'''

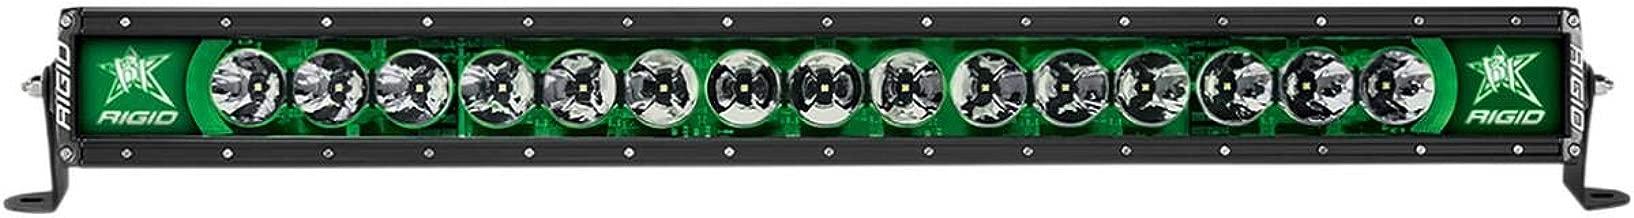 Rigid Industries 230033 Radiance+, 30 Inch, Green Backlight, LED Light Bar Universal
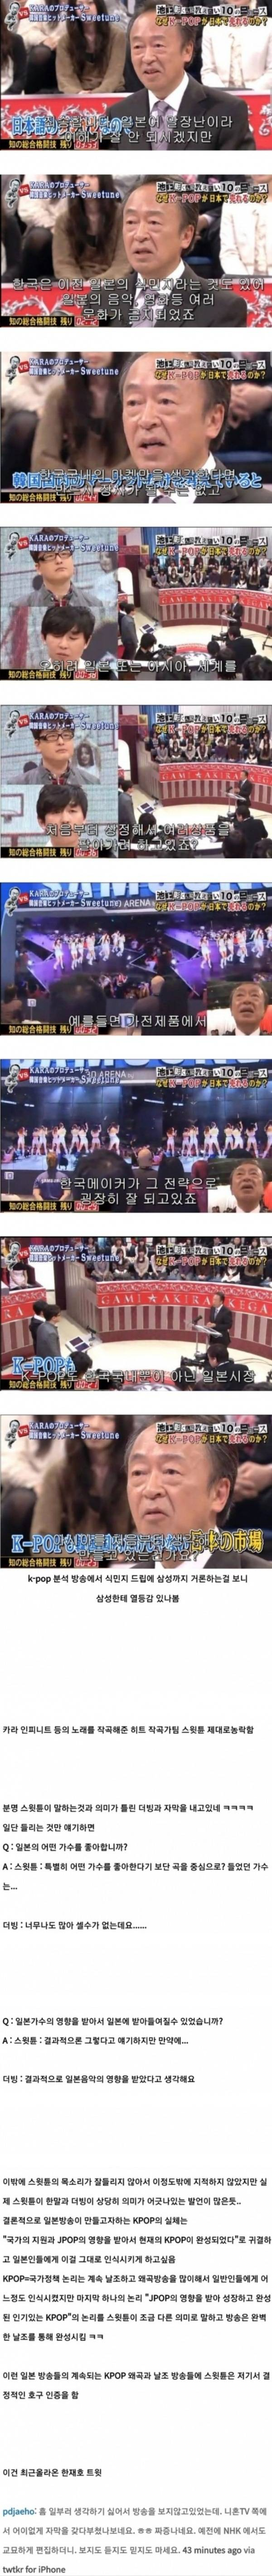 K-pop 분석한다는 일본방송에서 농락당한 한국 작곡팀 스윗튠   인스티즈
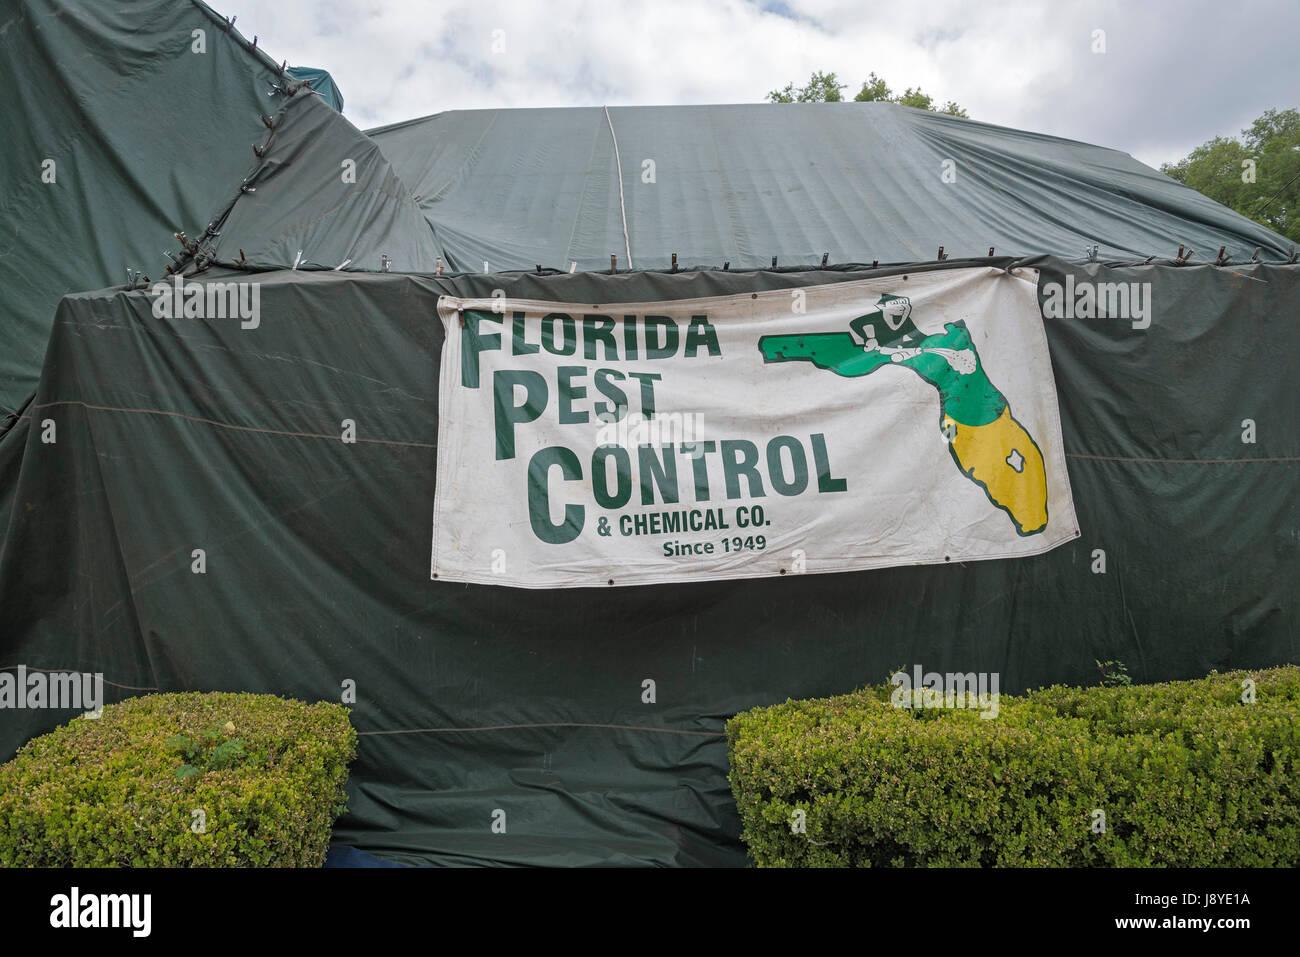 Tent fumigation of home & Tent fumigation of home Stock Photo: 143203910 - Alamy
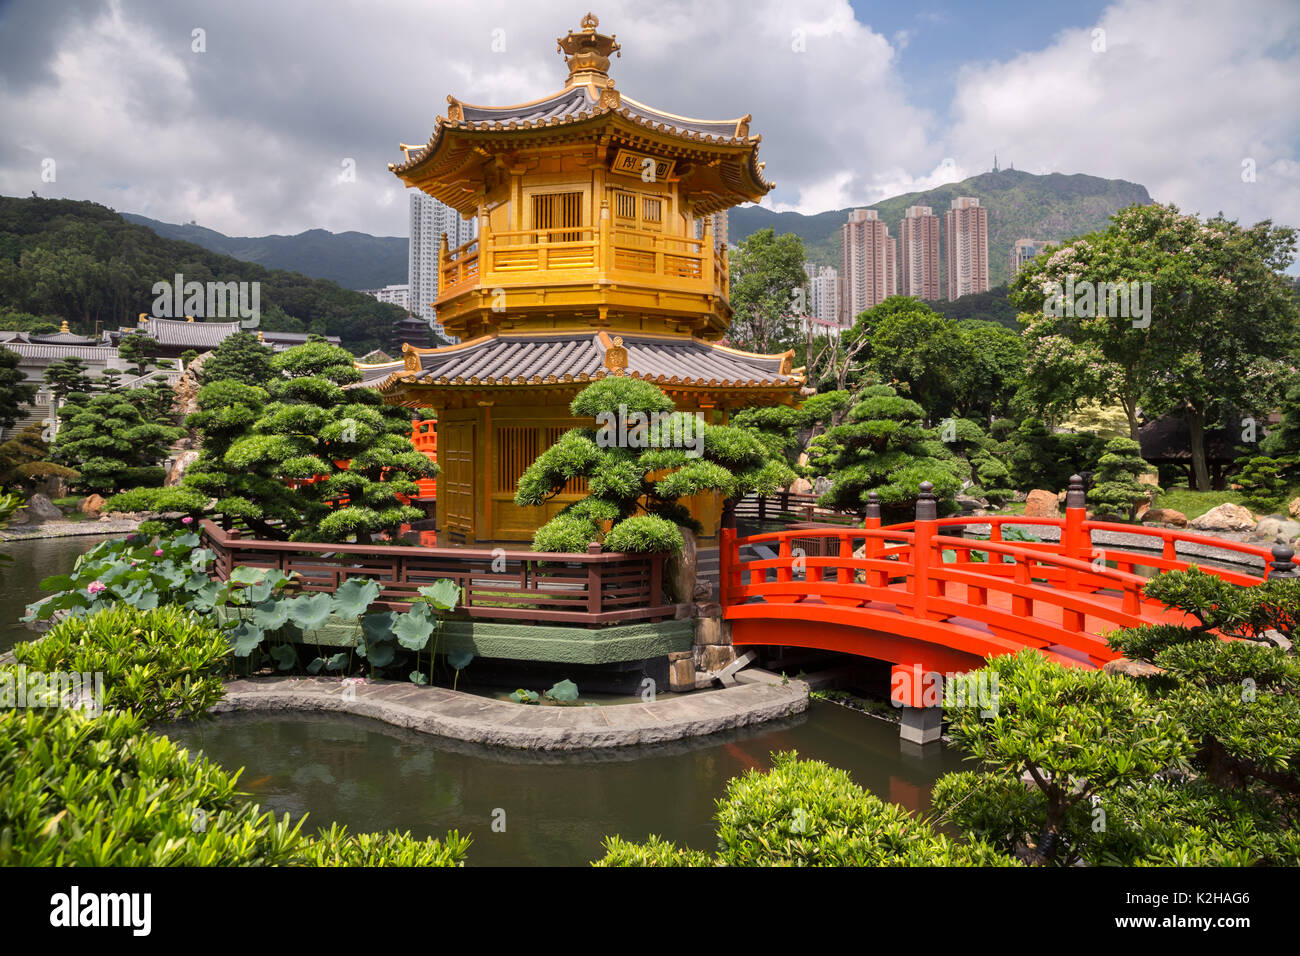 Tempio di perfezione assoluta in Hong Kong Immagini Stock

'''

Without including any image, reproduce the full listing above as written.

 Rigid Industries 230033 Radiance+, 30 Inch, Green Backlight, LED Light Bar Universal
 K-pop 분석한다는 일본방송에서 농락당한 한국 작곡팀 스윗튠   인스티즈
 Tent fumigation of home & Tent fumigation of home Stock Photo: 143203910 - Alamy
 Tempio di perfezione assoluta in Hong Kong Immagini Stock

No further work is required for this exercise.